LOL...Yeah. I read the headline and thought, "Really? I wonder what his/her name is..."


----------



## MarekBi (Jul 1, 2015)

I have one for 3 days and i have return to shop because:
- codec developed by canon is't support for fcpx avid or adobe premiere you can only see picture in canon utility software
- focus ring is a joke works very unprecise and is electoronicaly controled
- dof is like in normal camera
- f stop from 2.8 to 5.6 is funny
- and when you have wifi on hdmi is of - this is written small font in manual
- no double card recording
- no lanc 
- there is usb port but in manual there is nothing about
- only 3 custom button 
- headphone socket is in grip why?
- when you connect camera by usb to computer you don't see card or cammera 
- and many more,,,,

Support from europe don't know nothing about this toy or about codec - only Edius support mxf files
This is a toy for grandmother party ...


----------



## cayenne (Jul 1, 2015)

Yeah...I"ve been wondering exactly what the use for this camera is...without swappable lenses.


----------



## bp (Jul 1, 2015)

Shipping to... who? Who would want this camera?


----------



## drs (Jul 1, 2015)

MarekBi said:


> ...
> - f stop from 2.8 to 5.6 is funny
> ...



I don't get this. What was Canon thinking? It feels like anything on it is a compromise.


----------



## EduPortas (Jul 1, 2015)

I stumbled on this footage on YouTube a few days ago, if that's any good

for actual video quality assessments of the XC10.

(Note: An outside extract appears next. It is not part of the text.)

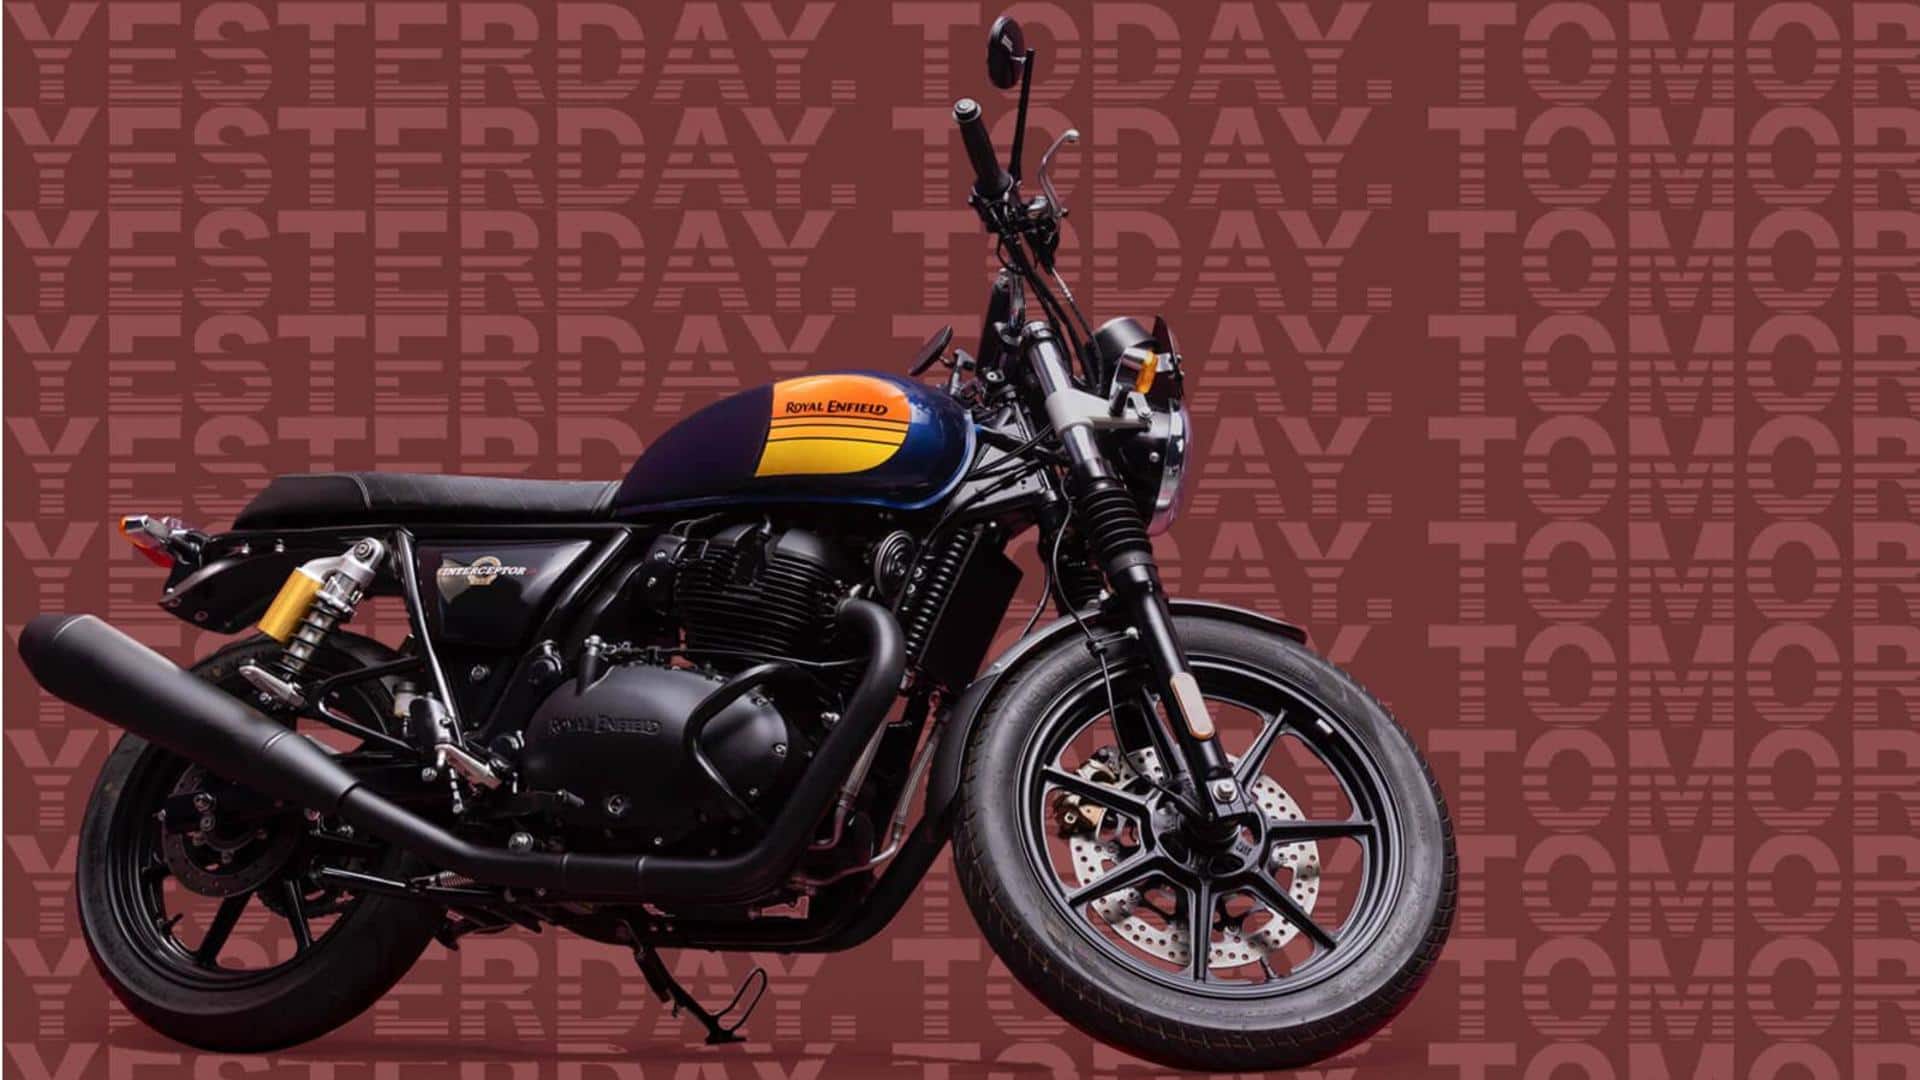 What to expect from upcoming Royal Enfield Interceptor Bear 650

Seems to be from an Italian magazine:

https://www.youtube.com/watch?v=-M84vVDx4mU

I see better resolution than previous HD DLSR's, obviously,

but can't really say about the actual color depth of the image (more testing is needed).

An intriguing product by Canon, for sure. 

As a video enthusiast who gets payed from time to time for his work,

I would be very interested in an affordable 4K Canon product that

spares me the obvious headaches associated with DSLR recording.

(Contrary to the above poster, I don't mind a deep DOF. In fact, now I

actively search for it when in the field. Video wise, that F2.8-5.6 is not

completely irrational)


----------



## KrisK (Jul 1, 2015)

EduPortas said:


> (Contrary to the above poster, I don't mind a deep DOF. In fact, now I
> 
> actively search for it when in the field. Video wise, that F2.8-5.6 is not
> 
> completely irrational)



Thanks for that. I do wish people would comment on what the camera IS rather than what it's not.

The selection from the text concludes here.